This comprehensive book offers an in-depth overview of laboratory diagnoses for both inherited and acquired thrombophilias, illuminating the complex interplay between genetic and environmental factors that contribute to venous thromboembolism.
Beginning with foundational concepts in thrombophilia testing, the book systematically covers the diagnosis of key anticoagulant deficiencies, including protein C, protein S, protein Z, antithrombin, and plasminogen, as well as the critical evaluation of prothrombin G20210A and factor V Leiden mutations and other factors involved in thrombosis. It also addresses acquired thrombophilia, highlighting the significant impact of factors such as hyperhomocysteinemia and the influence of medications, lifestyle choices, and underlying health conditions on thrombosis risk.

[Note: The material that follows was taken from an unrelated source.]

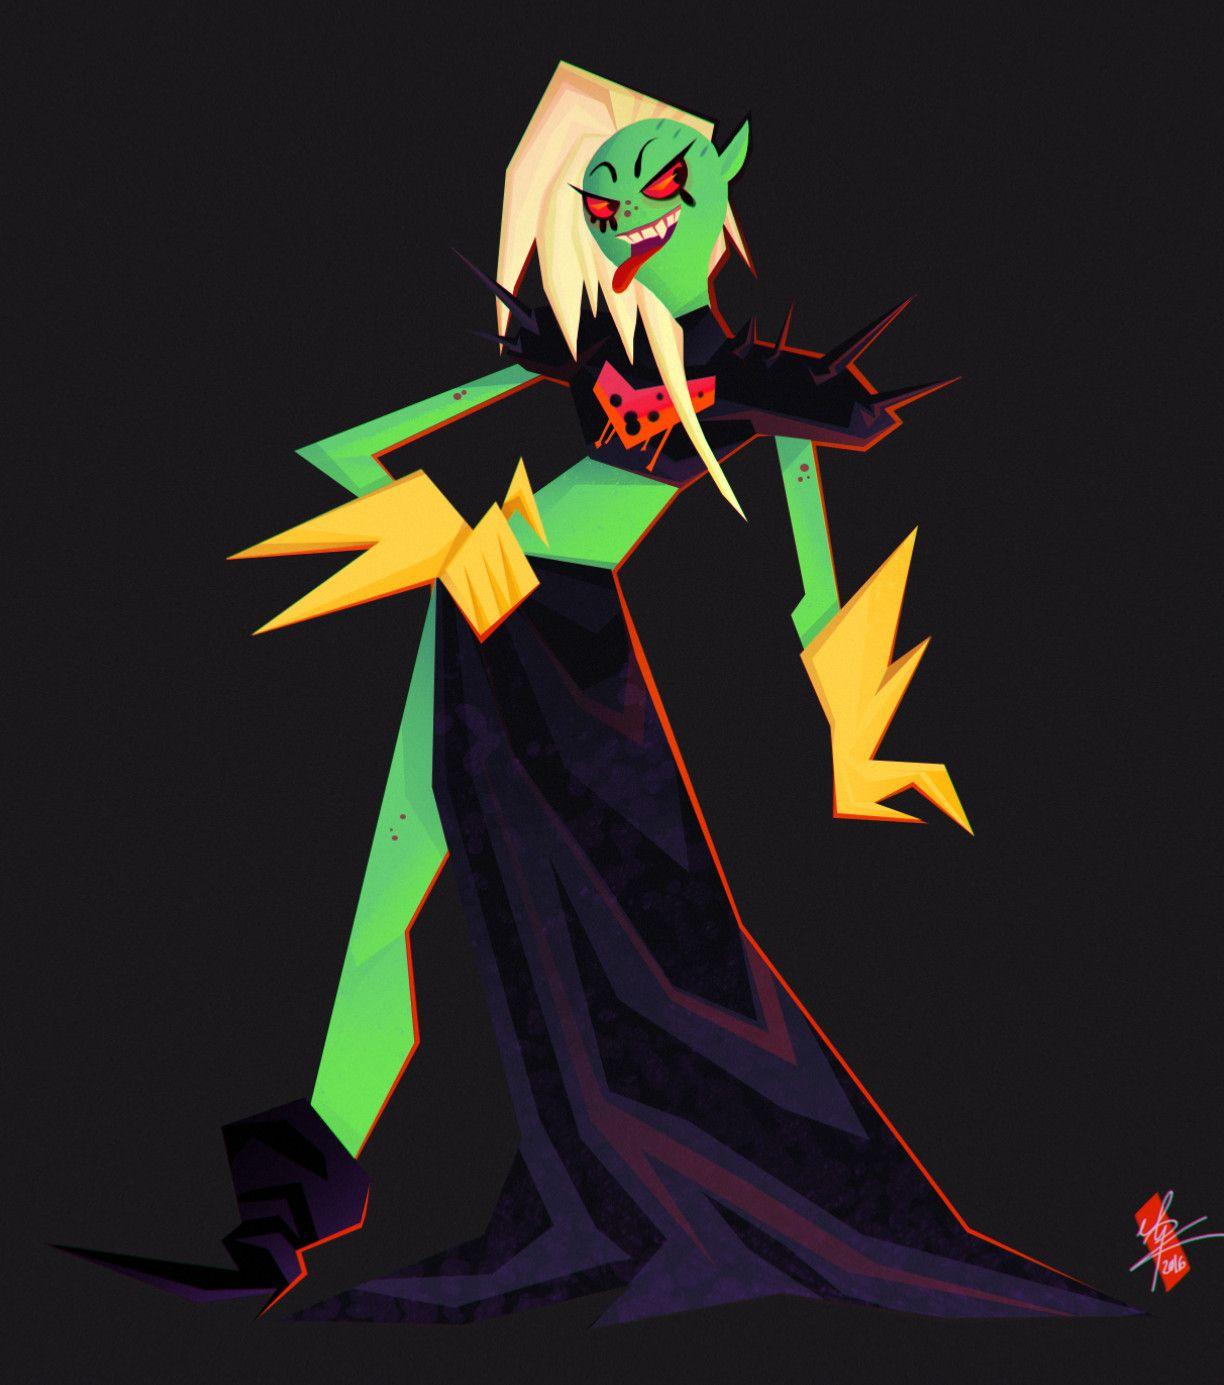 ArtStation - Lord Dominator, Lilith Pilgaard Knudsen

Each chapter clarifies the principles behind various laboratory assays, detailing the preanalytical variables that can affect results and guiding the interpretation of findings. Real-world challenges in thrombophilia testing such as during pregnancy, the use of oral contraceptives, and monitoring anticoagulation therapy are specifically examined.
Written in a clear yet comprehensive style, this book is aimed at thrombosis specialists, hematologists, laboratory scientists, and students. It provides extensive knowledge, practical guidance, and evidence-based protocols for thrombophilia testing, ensuring accurate diagnosis and effective management of this life-threatening disorder.